Знание это не ново. Некоторые вероисповедания – по большей части хинжийские
– с незапамятных времен утверждали, что бытие основывается на фундаментальном единстве. Древние анналы, недавно введенные археологами в обиход, показывают, что в конце Эры Изобилия кое-кто из философов излагал эту мысль в светских терминах. Судная Война предала их работы забвению. Каракан Ефремовик никогда не слыхал о них. Но этот юанезский мыслитель и эколог, вдохновленный буддизмом и христианством – двумя верами своего народа – исходя из научных принципов, пришел к тому же заключению и тем самым приблизился к пониманию природы Геи.
Суть учения такова: Гея – планета, на которой мы живем – представляет собой единый организм. От первых химических соединений в первородных океанах до человеческого сознания сила, находящаяся внутри Жизни, направляла ее эволюцию ко все большему величию и смыслу. Эволюция эта не заканчивается на нас. Она будет продолжаться, пока существует сама Гея.

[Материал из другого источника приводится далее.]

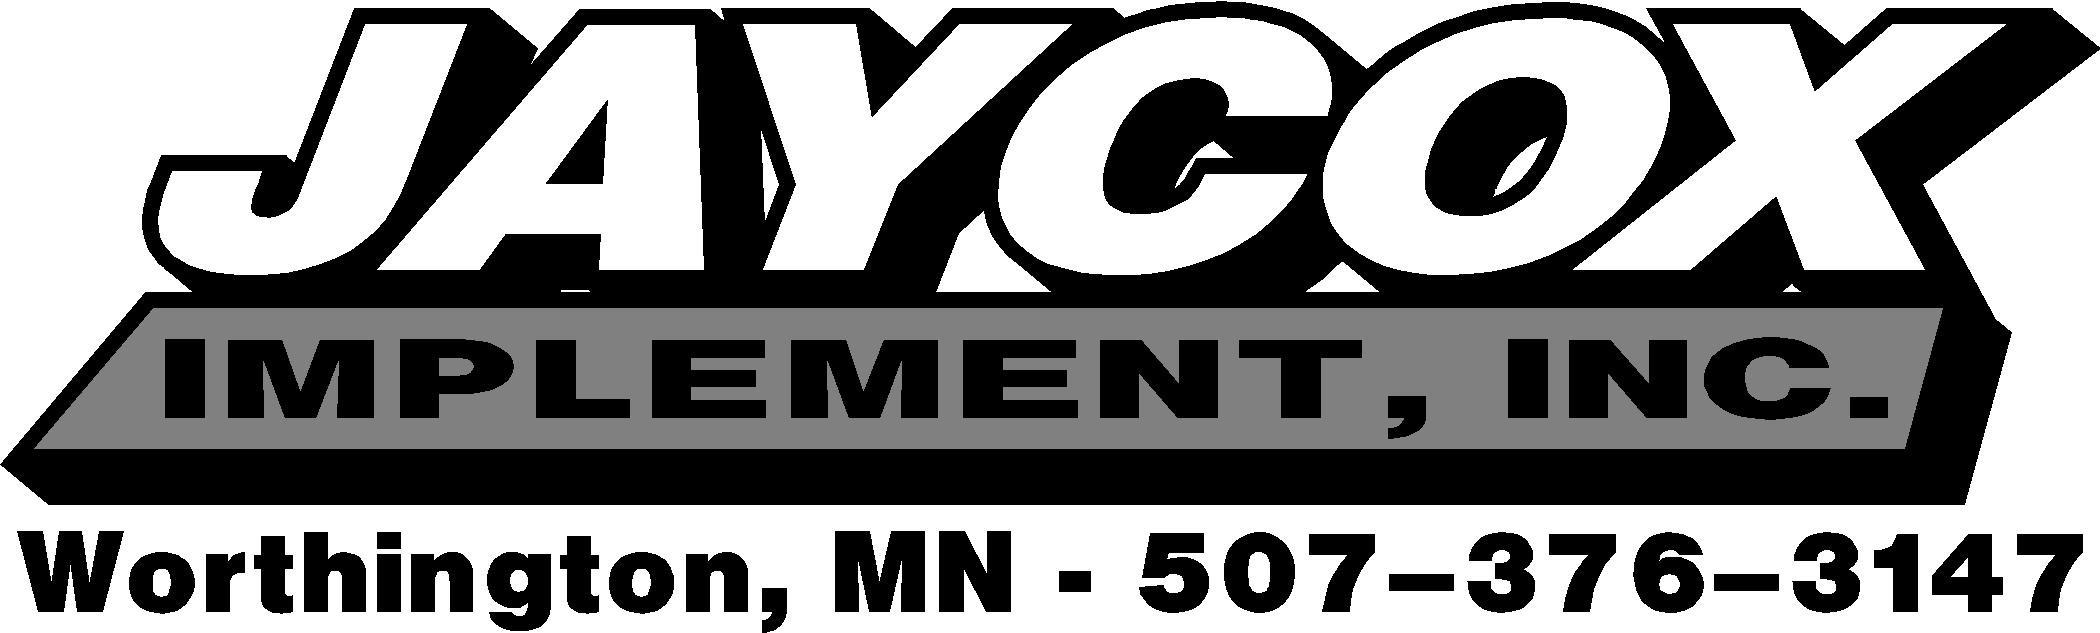 Jaycox Implement Inc

Мы – органы или, точнее всего, органеллы, которые Она породила в собственных целях. Мы не можем существовать в отрыве от Нее, как не способны к самостоятельному существованию клетки нашего тела, мы живем, потому что являемся частью; мы, люди, служим колоссальному Единству, как и любое животное или растение, от самого крохотного микроба.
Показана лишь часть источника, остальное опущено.